I sat in a dark corner of the cell after a tiring attempt to ward off insects.  The heat was suffocating, but I felt weak and couldn’t get up; so I chose heat over insects. I crawled closer to the door facing the fence and pondered the beautiful portrait drawn by the insects on the walls and floors. It was five in the morning and I was contemplating how such beauty could exist in such an ugly place. I pushed one away from me and it fell on its back. I watched it attempt to straighten itself, with tired by interested eyes. It shuffled fast then slow, perhaps in an attempt to not exhaust itself. Even such simple creatures, which we are surely more superior to, have willpower to stand and fight for their freedom. Blessed is freedom, blessed are the free people.

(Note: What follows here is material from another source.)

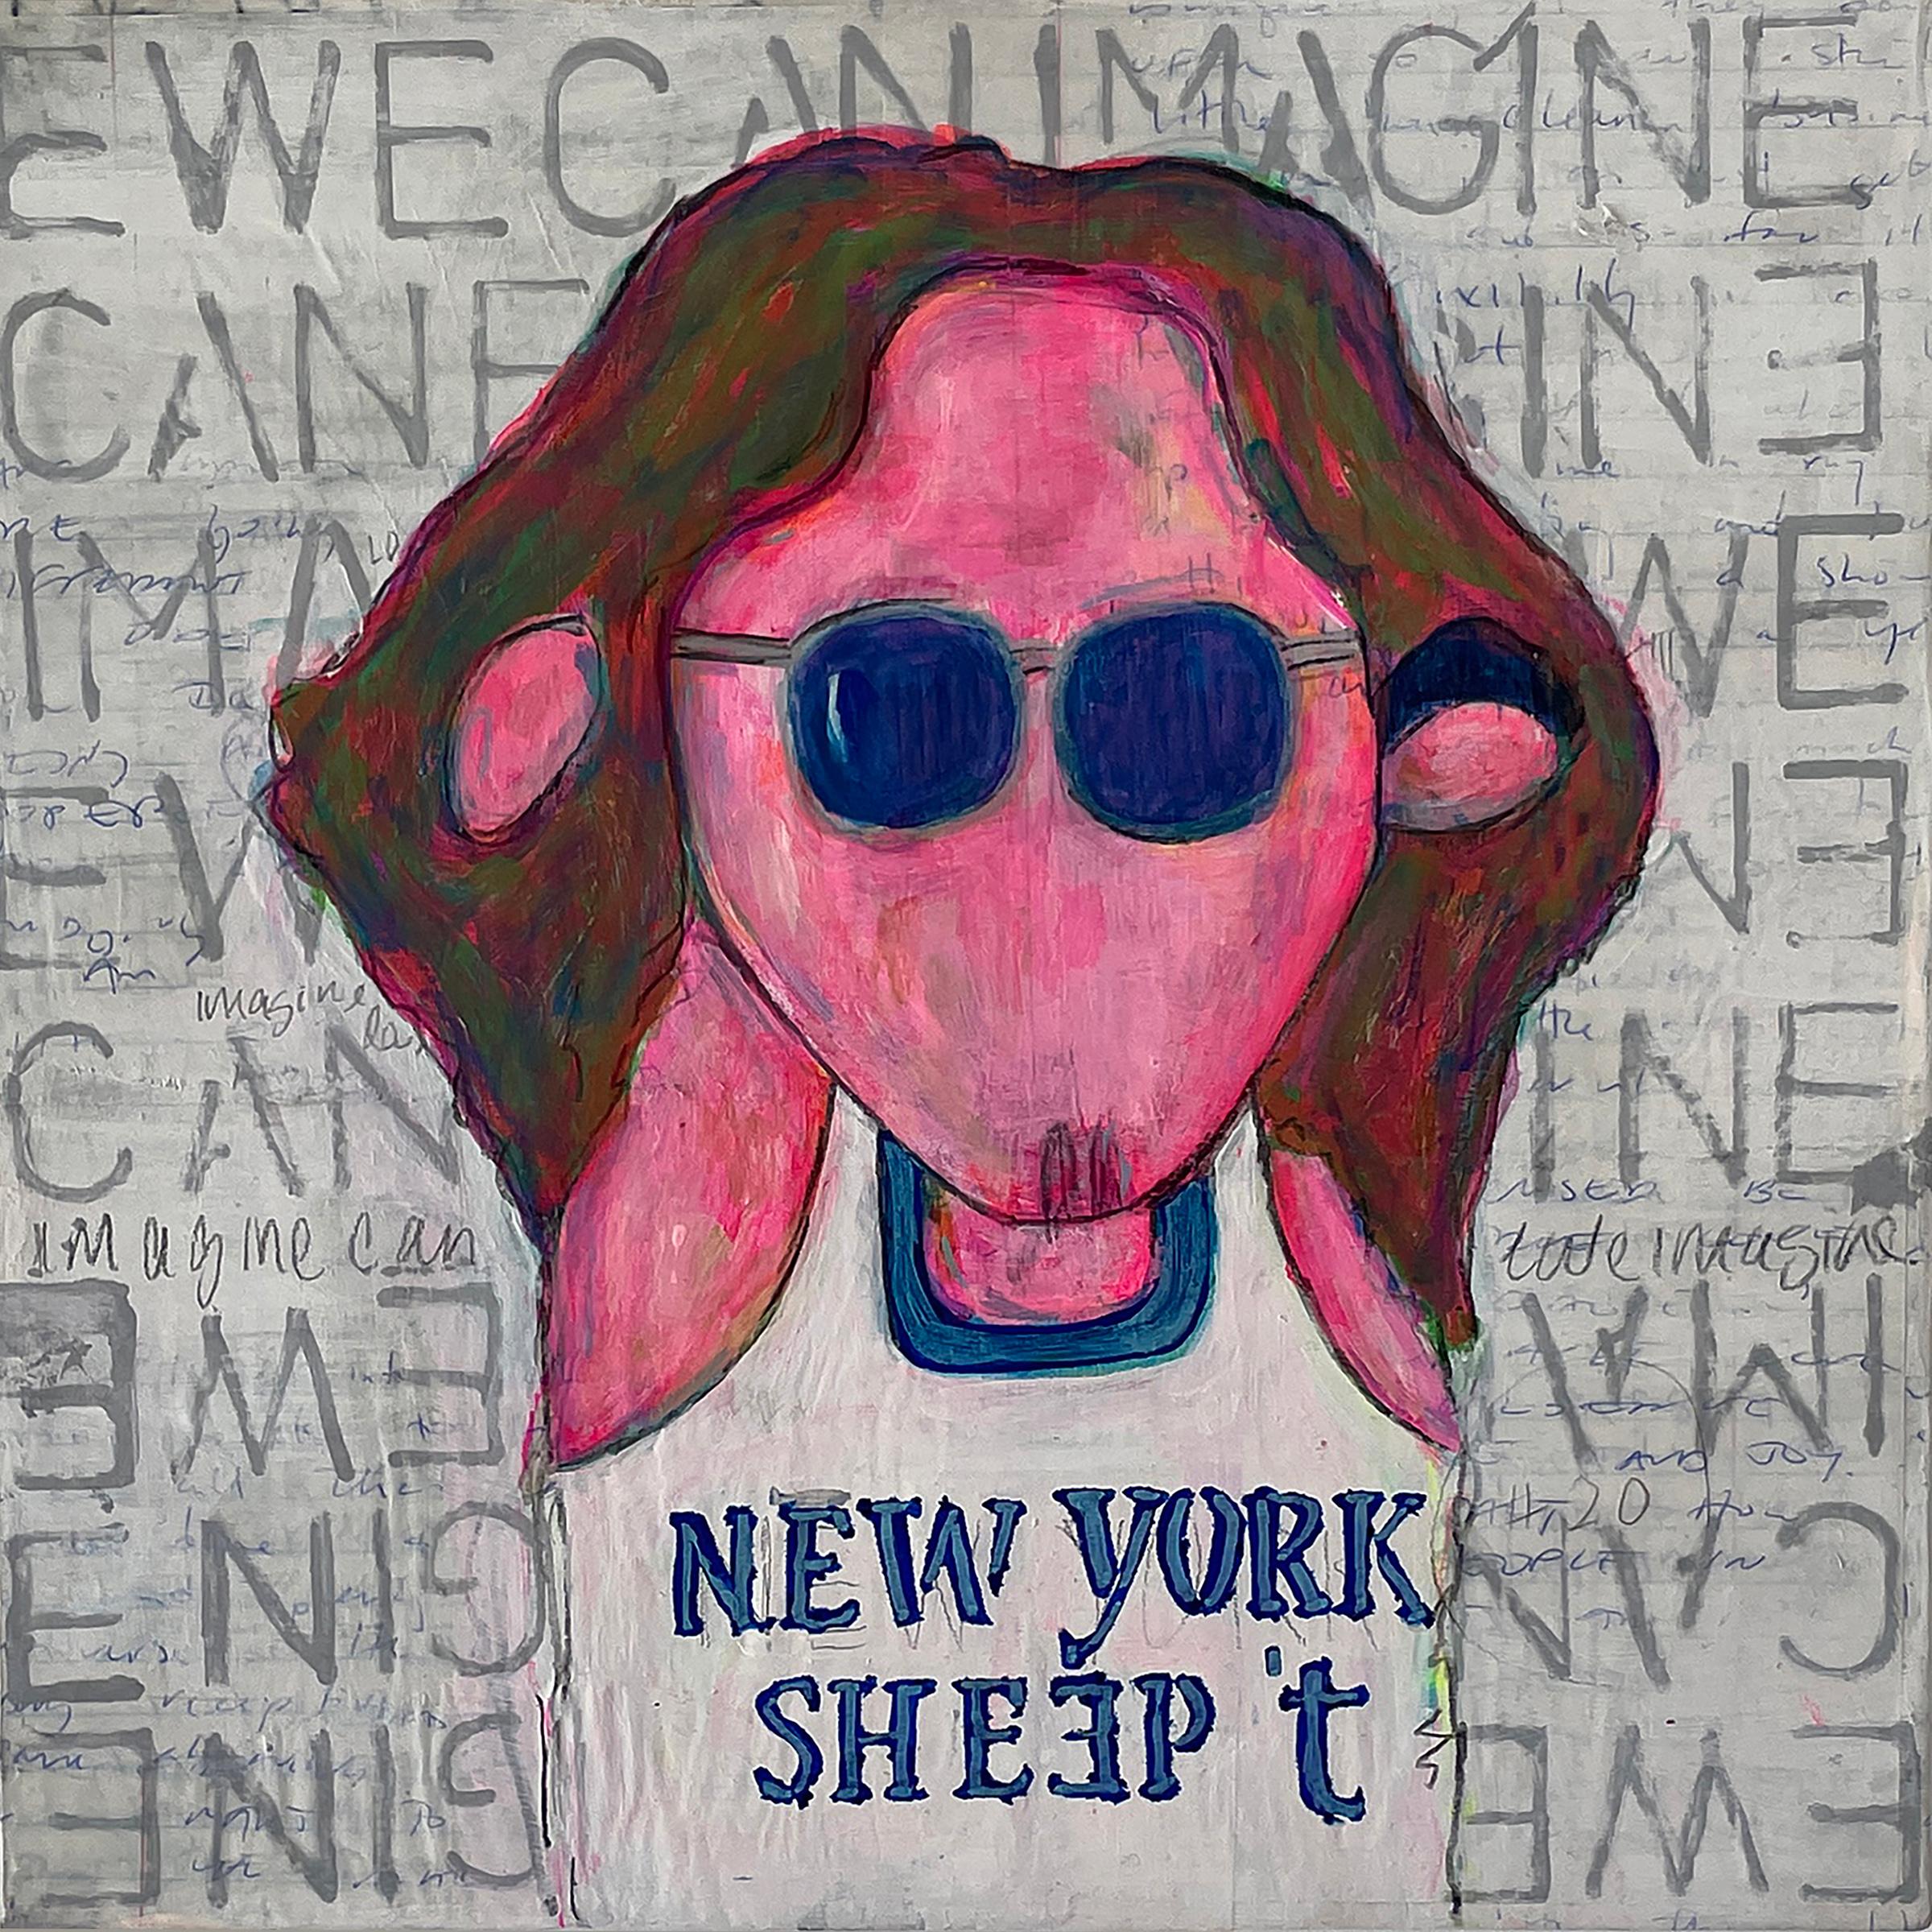 Can Ewe Imagine - mixed media on wood - Painting by Little Ricky

The next day after our release they did not want to giving us the hospital authorization. We insisted and were told to talk to the head of the station. We found him with a number of journalists and only then did he order the authorization, although he had seen my brother before and did not lift a finger! They took their time as much as they could, but in the end we got it and went to the hospital.
Some experiences strengthen you, while others break you. When you’re beaten to a pulp, your dignity is assaulted, your safety compromised, your freedom stolen, there is only one way forward – to continue what others initiated. There is no return , we can only go ahead, and that’s what they do not know.
Your beating and your torture does not frighten me nor break me. It will not force me to retreat, but rather strengthens me and inspires me. You ask me: Are you not afraid? And I say: I’ve become stronger.